Правда, его тогдашние постановки не отличались новизной, но все играли превосходно.
Театр грохотал от успеха.
И все-таки один раз произошло необыкновенное: Мейерхольд организовал вечер поэзии «декадентов» – Брюсова, Блока, Вяч. Иванова, Бальмонта, Сологуба, Кузьмина, Андрея Белого.
Актеры читали стихи новых поэтов в черных одеяниях среди черных сукон, при больших свечах, с аналоем посредине сцены.
Публике сие «святотатство» (намек на церковь) не понравилось, и мистические стихи вызывали зевоту, сон, тоску. Никто ничего не понял. Но разговоры о затее остались.
Подходило лето, сезон доживал дни.
Однажды перед репетицией Мейерхольд обратился ко мне:
– У вас, Васильковский, кто-то умер?
– Никто.
– Да мы сами видели, как вы заходили в похоронное бюро.
Сквозь слезы стыда еле вымолвил:
– Это я в гости заходил.
Актеры хохотали:
– Ну, и гости. Благодарим покорно. Да тут и мимо-то ходить страшно. Брось, Васильковский, этих гостей, пока они тебя не сцапали по-мертвецки.
С этой минуты я входил домой, осторожно озираясь – не видят ли актеры.
Сезон кончился.
Я получил расчет сполна и с радостью навсегда распрощался с театром.

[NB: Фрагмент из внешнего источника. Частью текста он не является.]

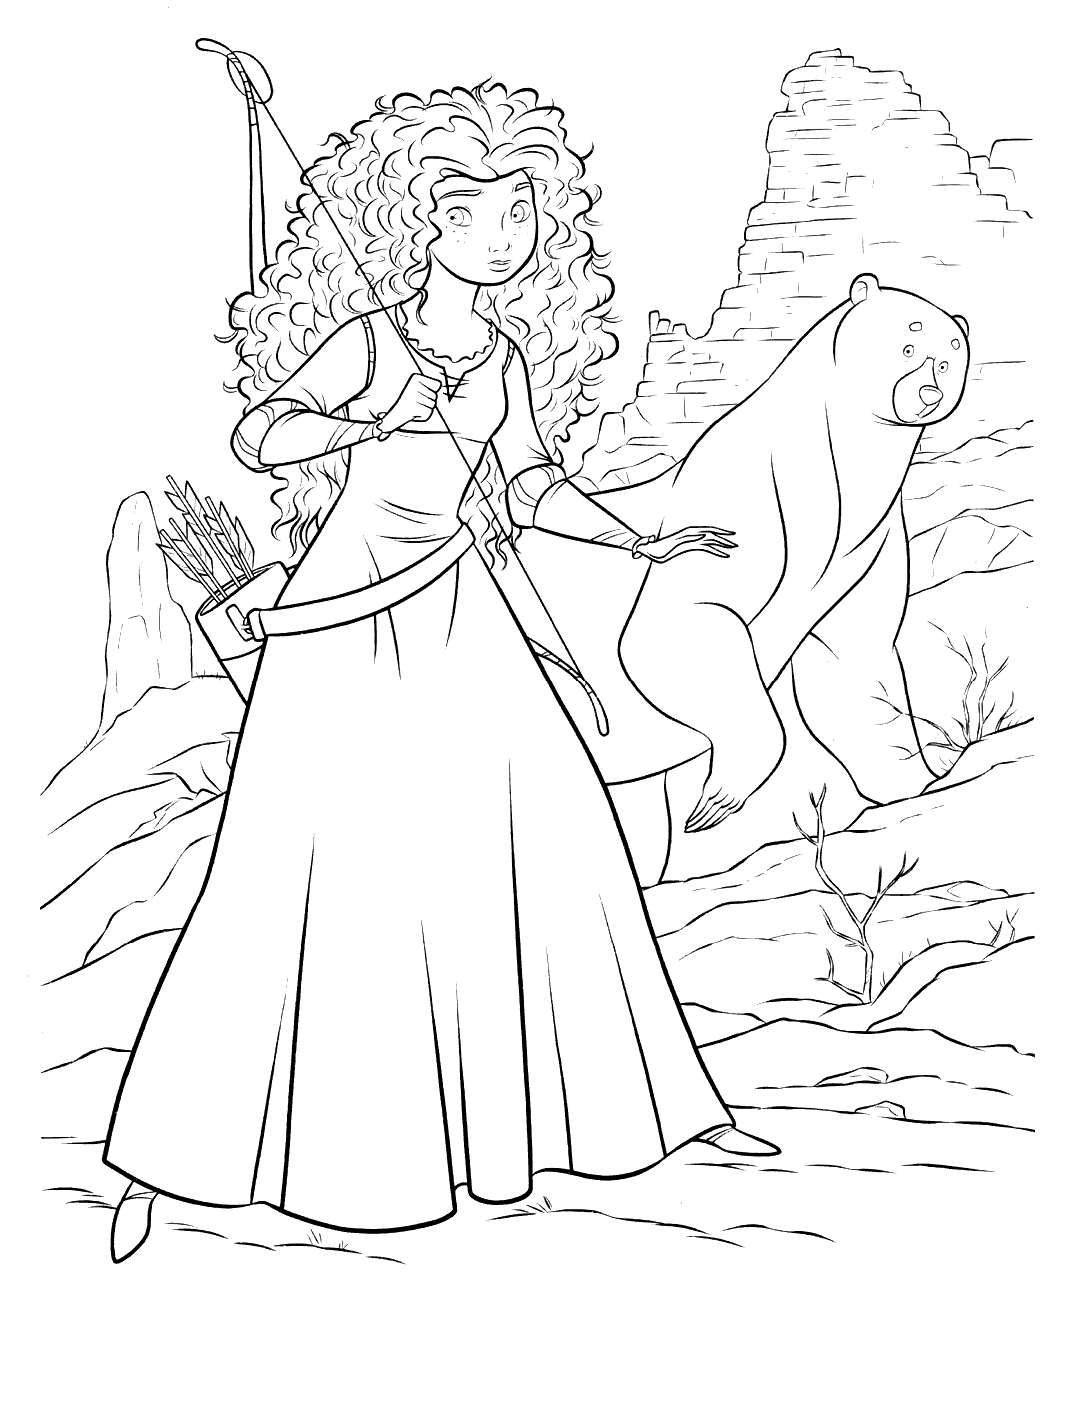 A Mérida e a sua mãe transformadas num urso pelo feitiço da bruxa!
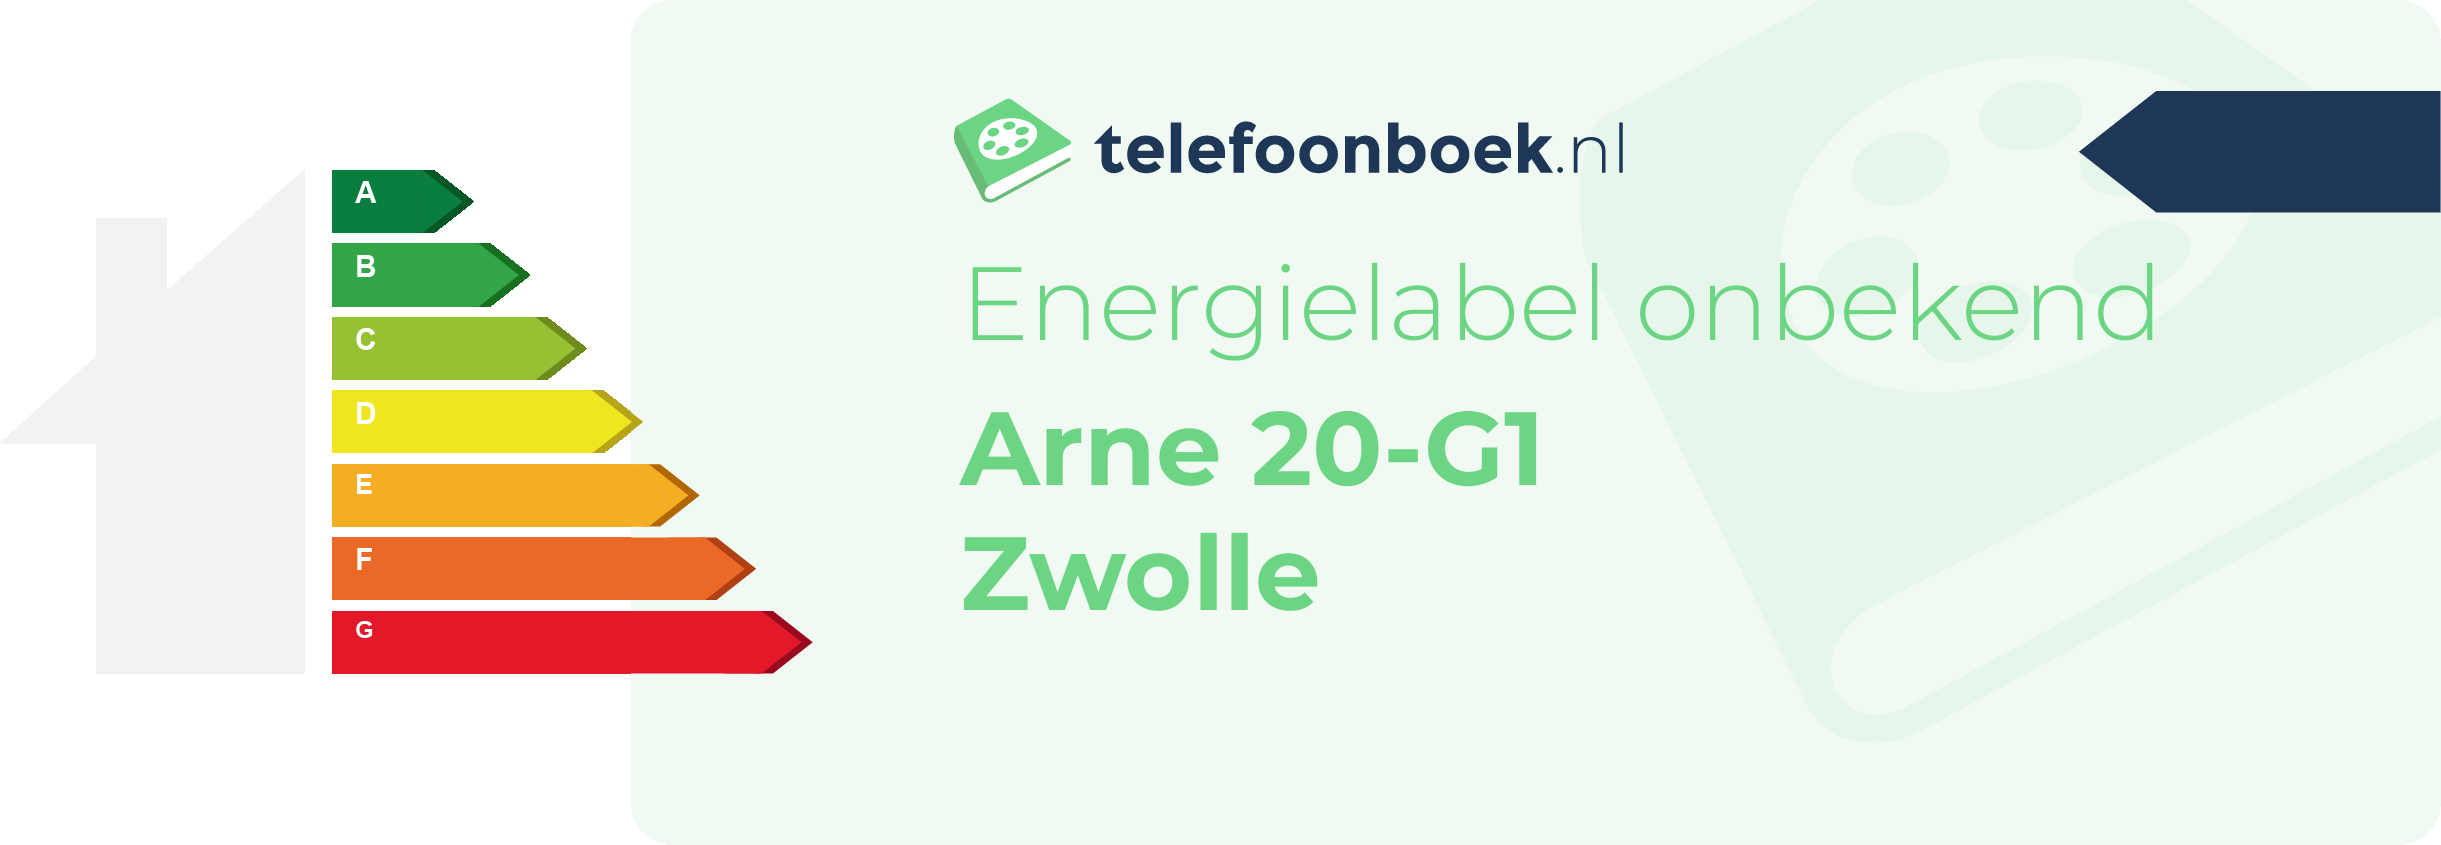 Energielabel Arne 20-G1 Zwolle

Актер Васильковский великолепно «тихо в бозе скончался», бесповоротно умер.
Театр и зрители от этой «тяжелой утраты» – выиграли. Безусловно.
Теперь решил так: поеду домой, в Пермь, на Каму – там привольно бегают пароходы, там в густых лесах поют птицы, там осталось покинутое гнездо.
Туда и тянуло нестерпимо, чтобы на Каме собрать свои мысли, наблюдения, опыт скитаний, познанья о людях и городах и там обдумать, как быть более полезным для живущих в бедности непроглядных будней.
Захотелось снова увидеть товарищей из редакции «Пермского края», побывать опять в кружке Матвеевых, где жили интересами революционной подпольной работы.
Прежде мало знал жизнь, мало ценил общее дело борьбы, мало верил в силы свои, – теперь, многое испытавший, перевидевший, выросший, прозревший, с неодолимым порывом рвался к иной были.
Неизменно-жизнерадостный, всегда смеющийся, деятельный, опытный марксист-подпольщик П. А. Матвеев, только что освобожденный из тюрьмы, с восторгом встретил мое возвращение и немедленно помог устроиться таксировщиком в товарную контору железной дороги Нижне-Тагильского завода.
Уральский центр чугуна, медной руды, золота и платины, громаднейший старинный демидовский завод, лесные горы, шахты, рабочие, служащие, товарная контора, пыль, дым, трубы, домны, деревянные низкие дома, – вот где я находился теперь, таксируя дубликаты накладных с 6-ти часов утра до 6-ти вечера, с часовым перерывом на обед.
И я торжествовал..
Но не от каторжного труда ликовало сердце, а от двух причин.
Во-первых, в екатеринбургской газете «Урал» печатались на самом видном месте мои стихи, отточенные гражданским сознанием, а во-вторых, – я вел активную подпольную работу среди рабочих завода и железнодорожных мастерских.